But education official says there are competing interests and cuts must be made

Fanny Law Fan Chiu-fun has agreed to meet Sha Tin primary school principals early next month to discuss their demands for small-class teaching.

But the permanent secretary for education and manpower warned that their wishes would have to be weighed against competing demands for scarce resources as Hong Kong faces up to education cuts.

Mrs Law made the pledge yesterday at the start of a three-day leadership conference for Hong Kong principals with education guru Michael Fullan at Baptist University.

Sha Tin principals are asking to pool student admissions among primary schools to allow small-class teaching and avoid closure of less-popular schools.

The district is facing sharply declining enrolment, with student numbers in Primary One falling by 1,900 to 3,300 this year. The Education and Manpower Bureau (EMB) requires schools that cannot recruit at least 23 pupils to their Primary One classes to close them and shut entirely three years later.

But the Sha Tin Primary School Heads' Association has asked the education bureau to allow schools in the district to lower the minimum class size to 16 pupils each and transfer additional students to other schools. Bureau guidelines put the optimum size at 32 pupils per class.

'We are willing to discuss it with primary school heads in the Sha Tin district at the beginning of October, but we still need more information on the student admissions in the district,' Mrs Law said.

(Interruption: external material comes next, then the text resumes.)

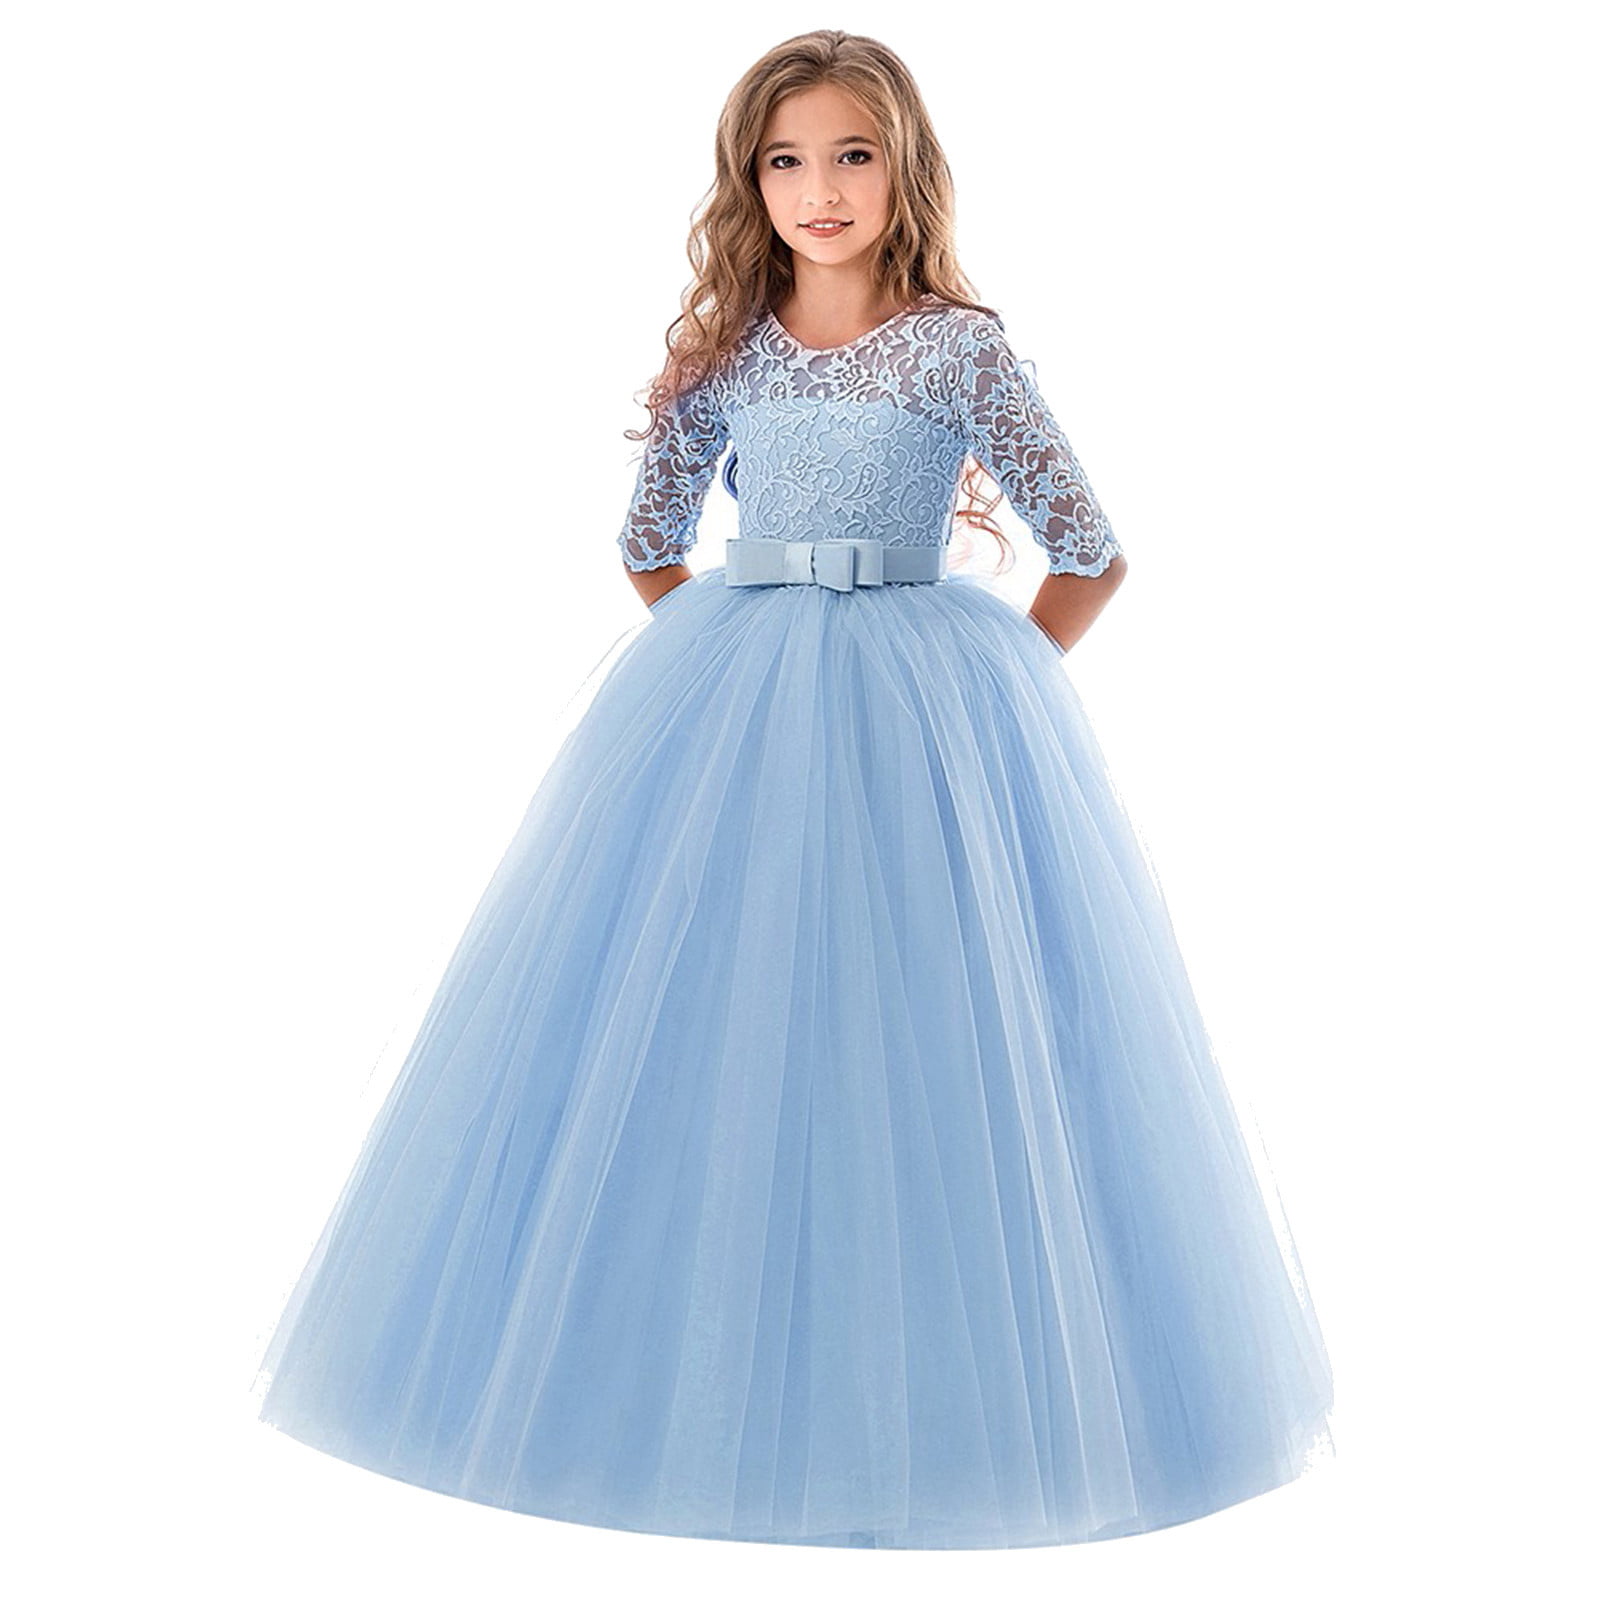 Tulle Sleeve Girls' Dresses 4-12 Years Flowers Beautiful Lace
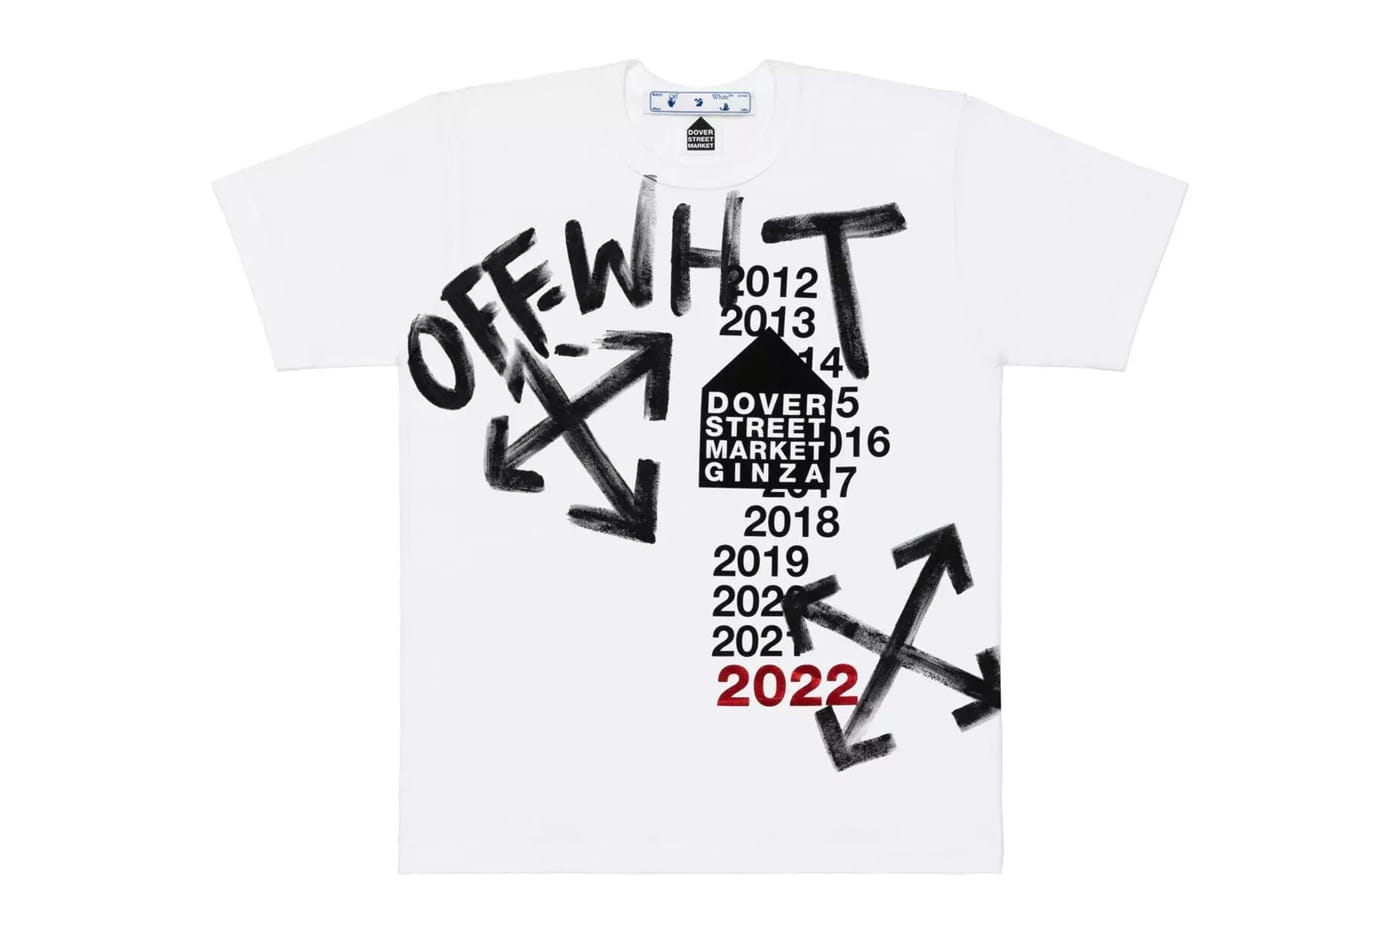 Dover Street Market Ginza 10th-Anniversary Collaborative Tees

'Hong Kong has been faced with a budget deficit and there is a cut in education funding. We have to determine whether the education sector can bear the brunt of the education funding cuts or should the underenrolled schools share a larger part of the cuts.

'There are other education reforms that still need to be rolled out next year. It is a matter of how we determine priority of resource allocation.'

The conference - jointly staged by the EMB, the English Schools Foundation and Bond International College - was attended yesterday by 800 principals and deputy principals from local and ESF schools, who took part in workshops on Professor Fullan's ideas.

Sunil Nanda, chairman of the Kennedy School council and a member of ESF's management committee, said it was another example of the foundation's commitment to education in Hong Kong.

'I call upon the government to remain steadfast in its commitment to education and to its partnership with the ESF so that we may all continue to make a valuable contribution to Hong Kong,' he said.

Professor Fullan said leadership skills needed to be developed at all levels of the education system to bring about sustained change and better standards.